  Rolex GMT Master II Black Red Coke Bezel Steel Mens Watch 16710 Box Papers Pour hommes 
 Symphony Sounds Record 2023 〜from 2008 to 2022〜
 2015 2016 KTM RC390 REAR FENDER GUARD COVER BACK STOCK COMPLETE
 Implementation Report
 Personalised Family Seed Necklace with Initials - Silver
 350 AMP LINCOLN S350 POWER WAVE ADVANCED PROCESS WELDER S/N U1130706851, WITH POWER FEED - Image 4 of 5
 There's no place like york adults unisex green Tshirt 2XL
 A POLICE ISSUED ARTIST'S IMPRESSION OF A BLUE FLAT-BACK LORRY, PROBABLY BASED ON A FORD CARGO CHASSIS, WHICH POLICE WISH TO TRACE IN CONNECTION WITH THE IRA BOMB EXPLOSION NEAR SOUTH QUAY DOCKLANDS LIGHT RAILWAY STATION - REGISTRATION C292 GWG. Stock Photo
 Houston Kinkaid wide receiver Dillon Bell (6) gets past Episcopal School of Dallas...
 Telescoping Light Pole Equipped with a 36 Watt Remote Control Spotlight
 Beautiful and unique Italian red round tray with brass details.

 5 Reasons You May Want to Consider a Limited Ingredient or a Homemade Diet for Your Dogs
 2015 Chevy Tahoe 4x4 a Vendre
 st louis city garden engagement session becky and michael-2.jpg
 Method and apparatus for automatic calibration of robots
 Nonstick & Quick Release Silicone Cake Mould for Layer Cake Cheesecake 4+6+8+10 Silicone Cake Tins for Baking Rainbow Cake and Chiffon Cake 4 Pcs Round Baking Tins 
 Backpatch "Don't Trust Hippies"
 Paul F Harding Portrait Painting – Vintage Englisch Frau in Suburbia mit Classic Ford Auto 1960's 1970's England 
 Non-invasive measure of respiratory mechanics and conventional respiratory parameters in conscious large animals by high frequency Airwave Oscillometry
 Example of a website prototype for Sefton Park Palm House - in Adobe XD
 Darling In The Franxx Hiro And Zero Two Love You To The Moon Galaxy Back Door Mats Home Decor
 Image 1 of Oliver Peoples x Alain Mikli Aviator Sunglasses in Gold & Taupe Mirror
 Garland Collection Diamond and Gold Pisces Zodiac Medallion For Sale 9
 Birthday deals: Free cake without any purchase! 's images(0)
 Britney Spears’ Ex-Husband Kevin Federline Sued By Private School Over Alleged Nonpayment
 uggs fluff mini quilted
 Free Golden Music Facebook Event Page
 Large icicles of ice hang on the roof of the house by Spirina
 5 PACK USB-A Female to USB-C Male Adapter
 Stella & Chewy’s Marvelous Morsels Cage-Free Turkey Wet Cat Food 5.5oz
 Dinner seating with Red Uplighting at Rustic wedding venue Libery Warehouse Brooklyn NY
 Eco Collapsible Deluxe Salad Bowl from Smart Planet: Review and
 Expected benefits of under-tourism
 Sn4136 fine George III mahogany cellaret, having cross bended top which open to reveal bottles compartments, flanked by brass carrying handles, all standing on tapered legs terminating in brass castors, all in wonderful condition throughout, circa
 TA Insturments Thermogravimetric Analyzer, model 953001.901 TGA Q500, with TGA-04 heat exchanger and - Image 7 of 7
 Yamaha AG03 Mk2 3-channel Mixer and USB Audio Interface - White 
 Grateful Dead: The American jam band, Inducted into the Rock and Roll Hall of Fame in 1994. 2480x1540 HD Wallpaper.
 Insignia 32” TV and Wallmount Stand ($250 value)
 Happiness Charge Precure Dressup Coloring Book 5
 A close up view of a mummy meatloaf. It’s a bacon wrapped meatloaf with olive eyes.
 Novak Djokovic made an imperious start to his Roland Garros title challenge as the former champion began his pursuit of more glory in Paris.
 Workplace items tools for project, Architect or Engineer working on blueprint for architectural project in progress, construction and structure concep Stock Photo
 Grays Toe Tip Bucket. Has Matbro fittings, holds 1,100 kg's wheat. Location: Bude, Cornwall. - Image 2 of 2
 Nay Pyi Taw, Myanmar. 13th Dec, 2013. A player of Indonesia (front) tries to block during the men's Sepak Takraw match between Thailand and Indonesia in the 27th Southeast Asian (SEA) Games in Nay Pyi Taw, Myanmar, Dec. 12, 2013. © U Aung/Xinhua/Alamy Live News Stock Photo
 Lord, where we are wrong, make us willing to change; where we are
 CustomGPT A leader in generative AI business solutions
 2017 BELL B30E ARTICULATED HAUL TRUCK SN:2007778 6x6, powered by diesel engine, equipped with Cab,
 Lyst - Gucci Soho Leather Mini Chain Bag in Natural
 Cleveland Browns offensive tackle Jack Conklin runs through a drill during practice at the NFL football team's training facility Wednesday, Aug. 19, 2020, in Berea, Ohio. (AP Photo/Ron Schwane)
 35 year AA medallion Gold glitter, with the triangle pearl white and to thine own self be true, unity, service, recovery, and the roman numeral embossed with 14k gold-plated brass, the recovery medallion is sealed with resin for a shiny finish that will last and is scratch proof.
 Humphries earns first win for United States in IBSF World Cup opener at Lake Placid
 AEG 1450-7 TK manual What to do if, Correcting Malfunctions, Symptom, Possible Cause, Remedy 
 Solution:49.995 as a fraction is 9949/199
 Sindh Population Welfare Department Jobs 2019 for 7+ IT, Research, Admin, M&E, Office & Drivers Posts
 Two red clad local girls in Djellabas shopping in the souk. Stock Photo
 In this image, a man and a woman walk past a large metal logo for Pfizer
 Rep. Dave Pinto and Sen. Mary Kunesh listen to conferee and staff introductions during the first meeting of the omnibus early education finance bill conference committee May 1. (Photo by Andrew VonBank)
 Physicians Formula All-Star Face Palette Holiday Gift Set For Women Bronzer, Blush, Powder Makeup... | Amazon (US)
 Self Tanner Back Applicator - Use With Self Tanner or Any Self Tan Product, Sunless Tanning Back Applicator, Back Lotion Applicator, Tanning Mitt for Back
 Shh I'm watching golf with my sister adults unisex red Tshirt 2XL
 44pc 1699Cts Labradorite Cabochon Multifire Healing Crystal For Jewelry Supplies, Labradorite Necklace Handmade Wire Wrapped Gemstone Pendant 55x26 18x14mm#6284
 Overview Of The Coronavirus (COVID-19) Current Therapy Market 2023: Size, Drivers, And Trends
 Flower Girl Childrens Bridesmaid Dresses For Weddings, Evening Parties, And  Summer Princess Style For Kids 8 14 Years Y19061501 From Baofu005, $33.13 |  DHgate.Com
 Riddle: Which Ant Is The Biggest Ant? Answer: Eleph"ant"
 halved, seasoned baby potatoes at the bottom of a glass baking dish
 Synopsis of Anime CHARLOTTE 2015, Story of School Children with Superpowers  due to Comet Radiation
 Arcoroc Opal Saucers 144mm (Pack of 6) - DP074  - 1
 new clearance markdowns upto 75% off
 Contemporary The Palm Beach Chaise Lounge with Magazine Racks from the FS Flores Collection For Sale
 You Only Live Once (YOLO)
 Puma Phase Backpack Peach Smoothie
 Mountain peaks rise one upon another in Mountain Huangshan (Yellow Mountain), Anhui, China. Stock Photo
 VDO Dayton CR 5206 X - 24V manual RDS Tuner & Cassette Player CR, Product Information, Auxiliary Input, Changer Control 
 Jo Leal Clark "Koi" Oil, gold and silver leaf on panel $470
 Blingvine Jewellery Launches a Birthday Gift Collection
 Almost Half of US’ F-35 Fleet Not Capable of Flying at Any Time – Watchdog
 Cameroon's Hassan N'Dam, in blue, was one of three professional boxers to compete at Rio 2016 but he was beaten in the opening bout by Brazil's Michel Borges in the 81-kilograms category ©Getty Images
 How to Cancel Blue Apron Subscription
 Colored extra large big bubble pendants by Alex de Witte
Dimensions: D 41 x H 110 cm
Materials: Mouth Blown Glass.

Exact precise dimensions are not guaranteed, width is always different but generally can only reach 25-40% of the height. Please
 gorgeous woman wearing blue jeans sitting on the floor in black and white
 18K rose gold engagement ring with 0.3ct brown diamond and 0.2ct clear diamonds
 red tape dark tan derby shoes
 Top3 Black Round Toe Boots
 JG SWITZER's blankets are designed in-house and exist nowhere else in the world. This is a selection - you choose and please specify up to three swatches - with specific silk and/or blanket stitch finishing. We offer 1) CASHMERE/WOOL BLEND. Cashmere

> WORK REQUIRED
Transcribe each line of the data above, unaltered, from the one where "Nay Pyi Taw, Myanmar." appears to the one where "Cleveland Browns offensive" appears, inclusive of both.

> OUTPUT
 Nay Pyi Taw, Myanmar. 13th Dec, 2013. A player of Indonesia (front) tries to block during the men's Sepak Takraw match between Thailand and Indonesia in the 27th Southeast Asian (SEA) Games in Nay Pyi Taw, Myanmar, Dec. 12, 2013. © U Aung/Xinhua/Alamy Live News Stock Photo
 Lord, where we are wrong, make us willing to change; where we are
 CustomGPT A leader in generative AI business solutions
 2017 BELL B30E ARTICULATED HAUL TRUCK SN:2007778 6x6, powered by diesel engine, equipped with Cab,
 Lyst - Gucci Soho Leather Mini Chain Bag in Natural
 Cleveland Browns offensive tackle Jack Conklin runs through a drill during practice at the NFL football team's training facility Wednesday, Aug. 19, 2020, in Berea, Ohio. (AP Photo/Ron Schwane)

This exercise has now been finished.